The cynical reason startups should grant employees more equity

Sam Altman’s blog post on employee equity has started a much-needed conversation in the startup world. With a typical equity grant, most employees will not come out ahead given the lower salary of a startup over an established company. This presents considerable challenges for recruiting software engineers (especially experienced software engineers) to join startups. As Hacker News user marvin puts it:

Has anyone stopped to think what a massive failing of the startup part of the industry this is? Practically everything I read online indicates that if you consider your stock options to have any value at all even in a moderately successful company, you are a major sucker and about to get exploited.

Surely this must reduce the quality of the talent pool available to new startups, as the experienced developers conclude that other options are a better use of their time.

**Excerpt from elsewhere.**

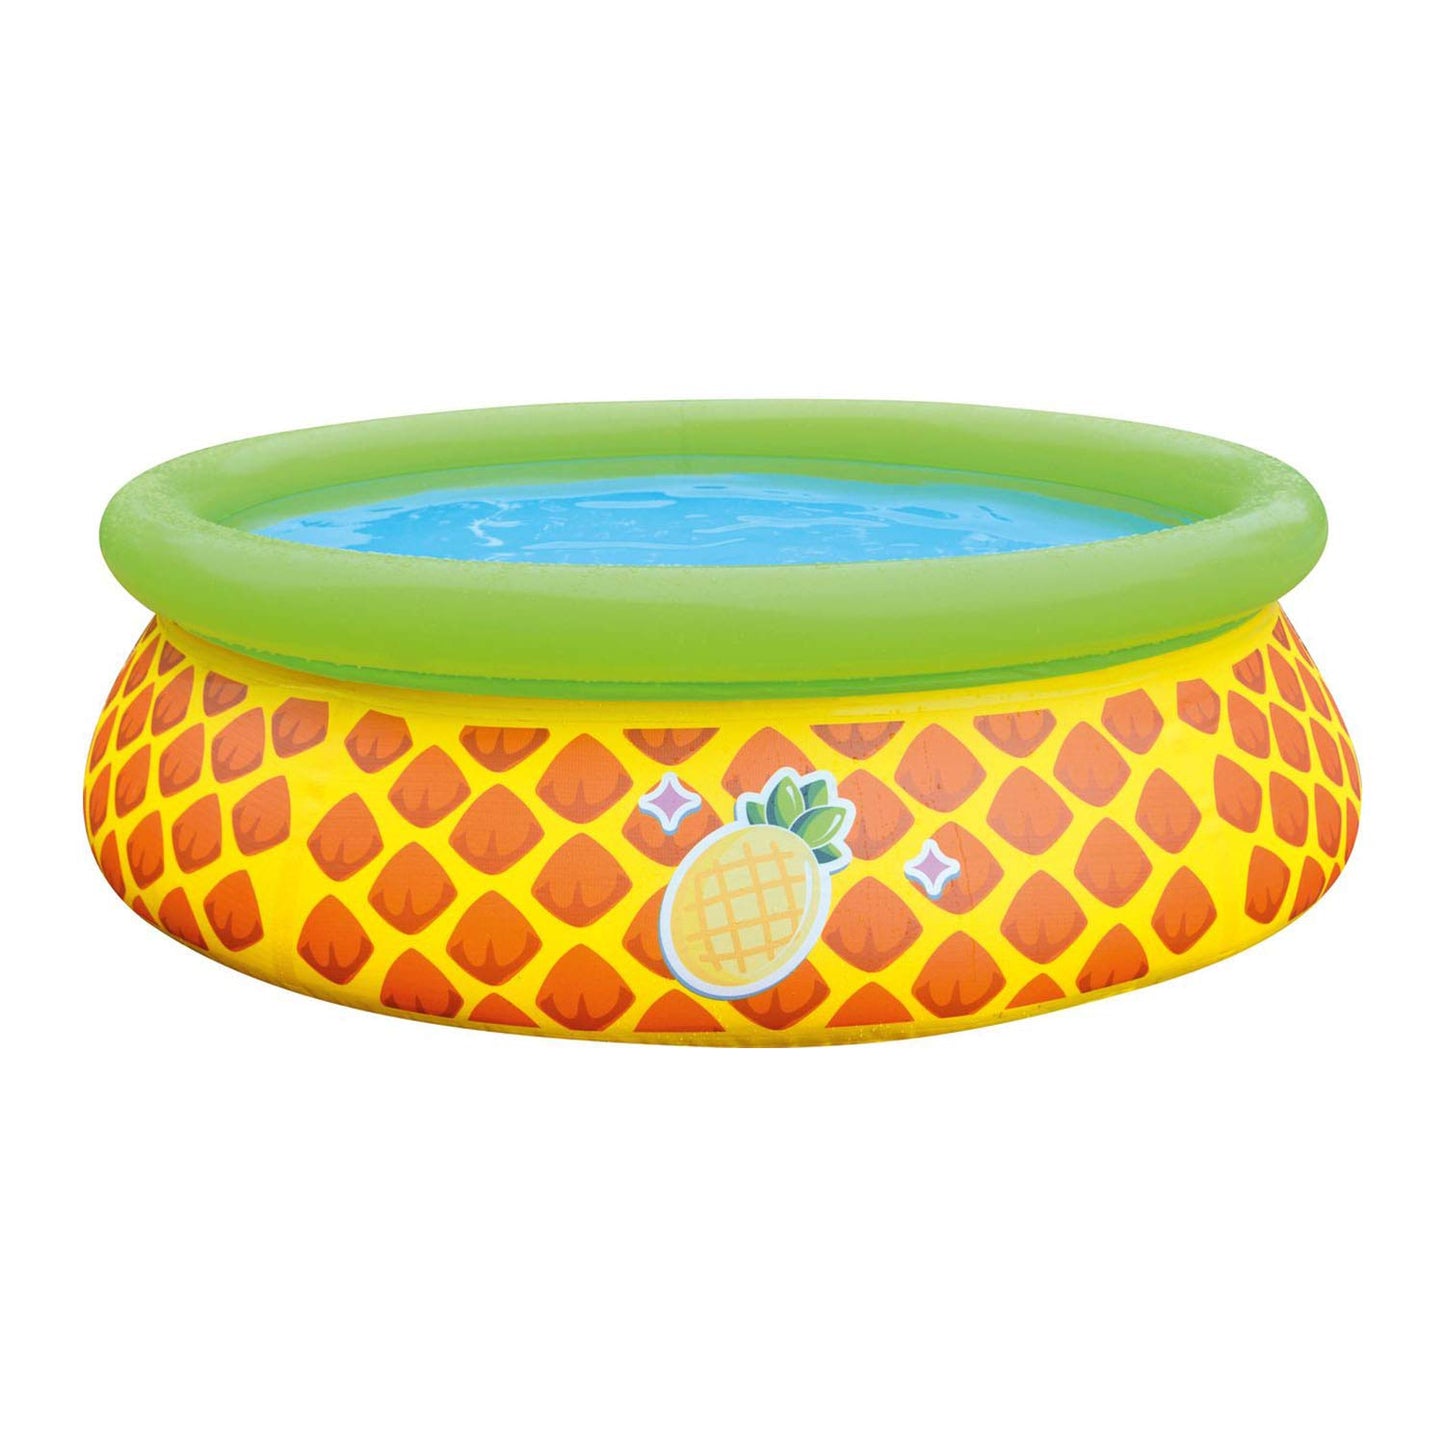 JLeisure Sun Club 17789 5 Foot x 16.5 Inch 1 to 2 Person Capacity Pineapple 3D Kids Above Ground Inflatable Outdoor Backyard Kiddie Swimming Pool

There’s a cynical reason why startups should grant more equity: many employees do not receive the equity they were granted. Therefore the cost of granting equity to employees is lower than the face value.

There’s three reasons for this.

First, the tenure at startups is typically shorter than the vesting period for the stock options. While equity is intended as a tool to retain employees, people still leave before they are fully vested. If a startup grants an employee 0.5% and they leave after two years, they will end up with only 0.25%. The unvested shares are returned to the option pool. Partially vested employees must make a calculation: now that they know more about the company, is it worth staying to vest the rest of their shares? This is one reason why Andy Rachleff’s Wealthfront Equity Plan includes regular grants of significant amount of new stock options.

Second, when an employee leaves the company, they must decide whether the buy their options. The cash outlay for this can be significant. Even if the employee has the cash to buy the options, they may weigh the chances of the stock becoming liquid and decide not to purchase them. Worse, if they company has raised a round of funding since they have joined, the employee will have to pay taxes on the difference between their grant price and the current value (David Weekly’s guide to stock options has a good explanation of the “AMT bear trap”). Again, the employee may decide that paying a big chunk of taxes now on stock that may have value later isn’t worth it. If the employee doesn’t buy their options, the options will be returned to the option pool.

Third, a reason that’s less favorable for startups is that there’s a very real chance that all the equity in the company is worthless. The company may completely fail, in which case the equity will be worth zero; or be acqui-hired, in which case the compensation will mostly be based on retention agreements, not equity in the original company.

Sometimes buying options is a no-brainer, but most of the time it is not clear-cut. Even a decent exit at $100M (a fairly rare occurrence) leaves most employees with little liquidity. In a typical startup, an employee must value the options based on not only the chance that the company will do well, but that they will still be with the company when it exits. Since startups grant options that are frequently unclaimed, they can afford to grant more. This would dilute founders somewhat more, and may complicate relationships with investors, but this dilution will only really be felt if the company is successful and it seems fair that that success be shared with the employees that helped make it possible.